I am confident that the mechanism decided today will normally not need to be activated and that Greece will progressively regain the confidence of the market, he said.
Trichet had previously warned against getting the IMF to solve the euro zone's problems.
Thursday's agreement, which would apply to other euro zone countries that hit trouble, left a number of questions unanswered, including how the Washington-based IMF and the euro zone would work together in practice.
A statement by euro zone leaders included no numbers, but a senior European Commission source said the support package would be worth 20-22 billion euros ($27-29 billion) if required in an emergency.

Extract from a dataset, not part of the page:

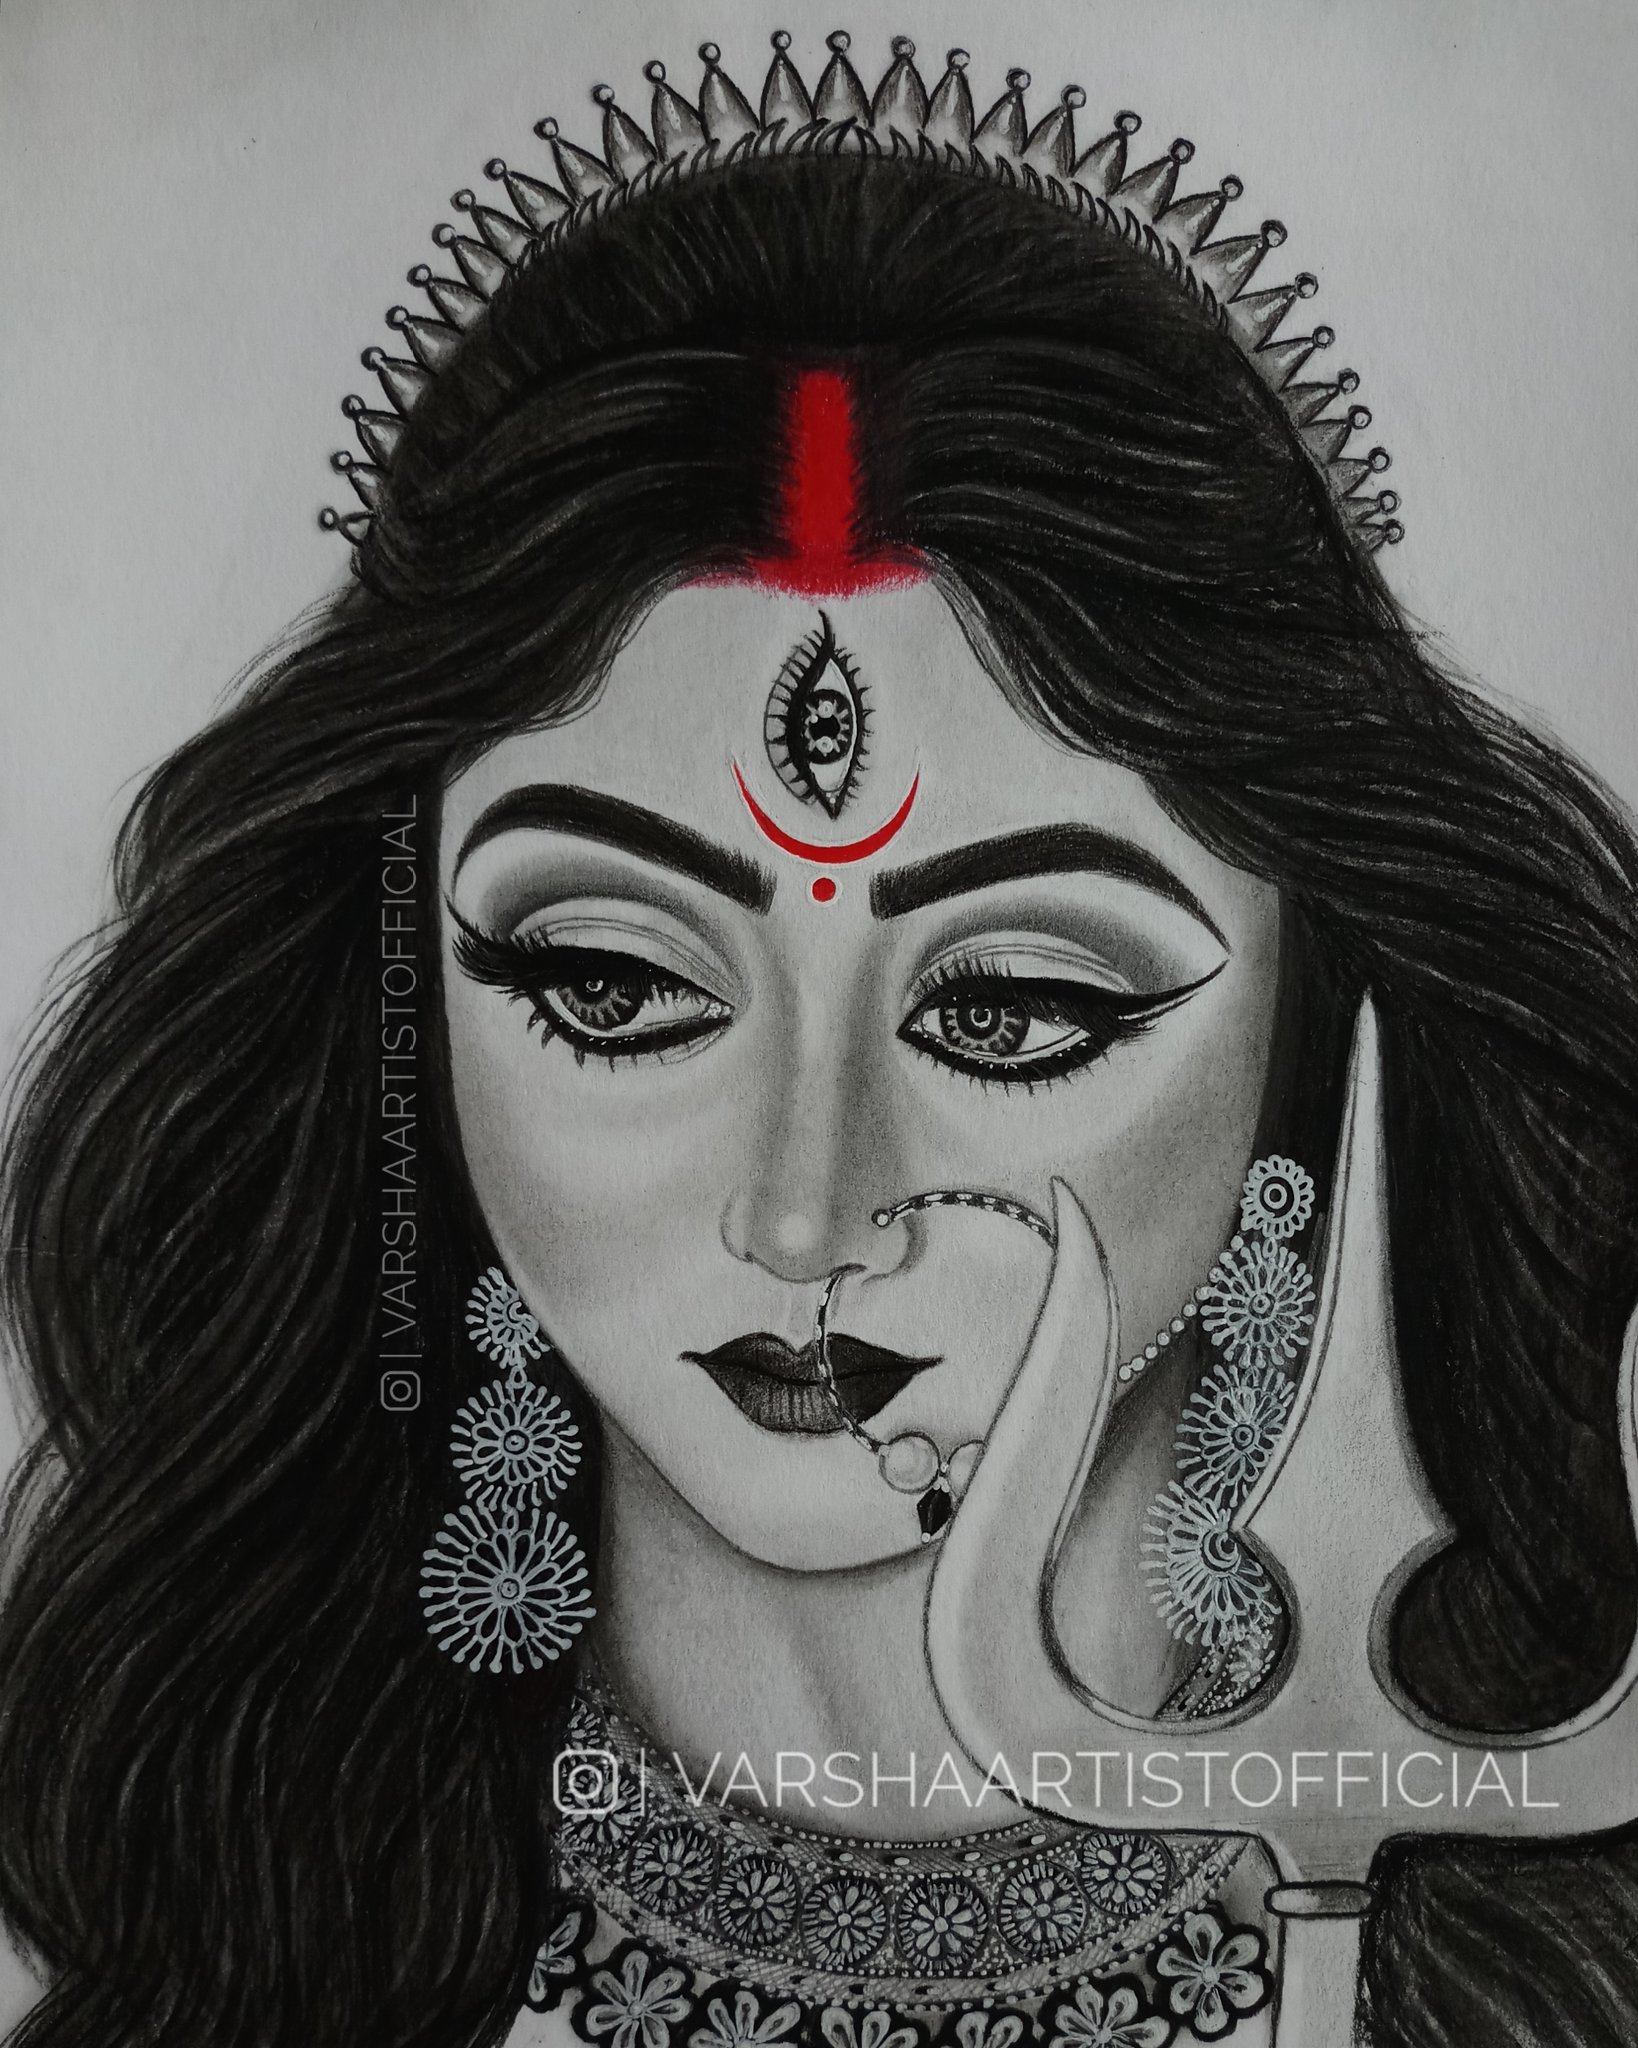 Durga Maa Drawing 🌺🙏 Full Tutorial Is On My YouTube Channel - Ruksar  creations (Link given in bio) Artist- @ruksar_creations Dm to... | Instagram
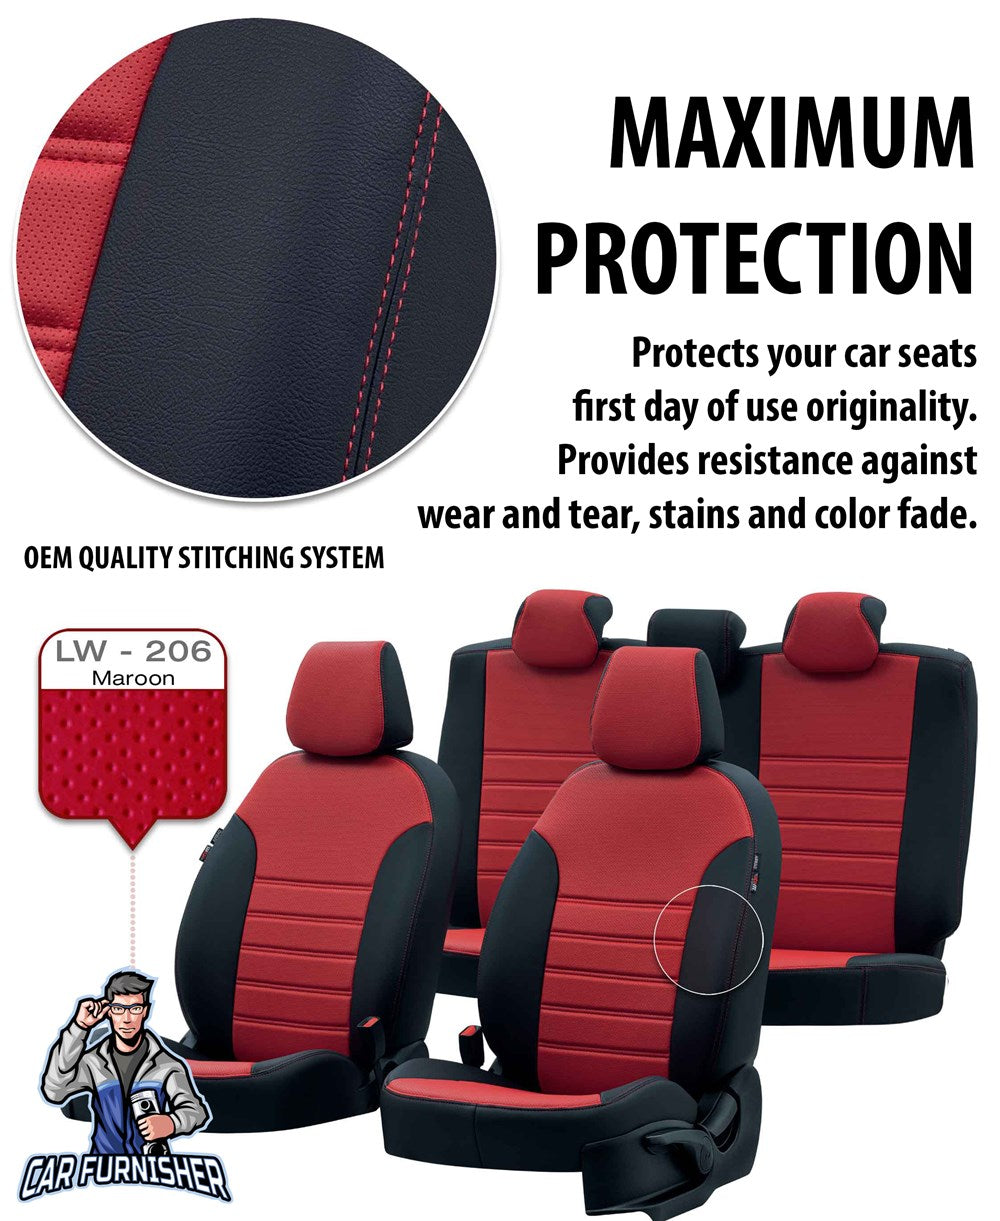 Volkswagen Crafter Seat Cover Istanbul Leather Design Black Leather

French President Nicolas Sarkozy said the euro zone would put up two-thirds of the money, and the IMF the rest.
But euro zone leaders did not indicate there was anything to prevent Greece going unilaterally to the IMF.
Tough terms imposed by Merkel mean the mechanism could be activated only under strict conditions and would require the unanimous approval of the euro zone, giving Berlin a veto.
Merkel had long resisted offered aid to Greece because of public opposition in Germany and concerns that any deal could face a legal challenge at home. She also faces a tough state election in May that she can ill afford to lose.
Bowing to demands by Berlin, euro zone leaders called for proposals by the end of the year to tighten the bloc's budget discipline rules, which failed to prevent Greece running up huge deficits and public debt.
CRACKS IN EU UNITY
Without a fallback mechanism, EU leaders feared Greece's debt problems could spread to other countries in the euro zone including Portugal, Spain or Italy.
But differences over Greece have widened divisions in the 27-country EU, which represents 500 million people.
EU diplomats said Britain and Poland, two powerful countries outside the euro zone, were concerned that the euro area was taking decisions on issues beyond their remit, especially on economic governance, or policy coordination.
Eurosceptic British media portrayed this as an attempt by the EU to increase its powers over the British economy.
I am in favor of increased budget discipline but I would like such decisions to be worked out by the entire Council (of 27 EU leaders) not just the (16-country) Eurogroup and this argument was accepted, said Polish Prime Minister Donald Tusk.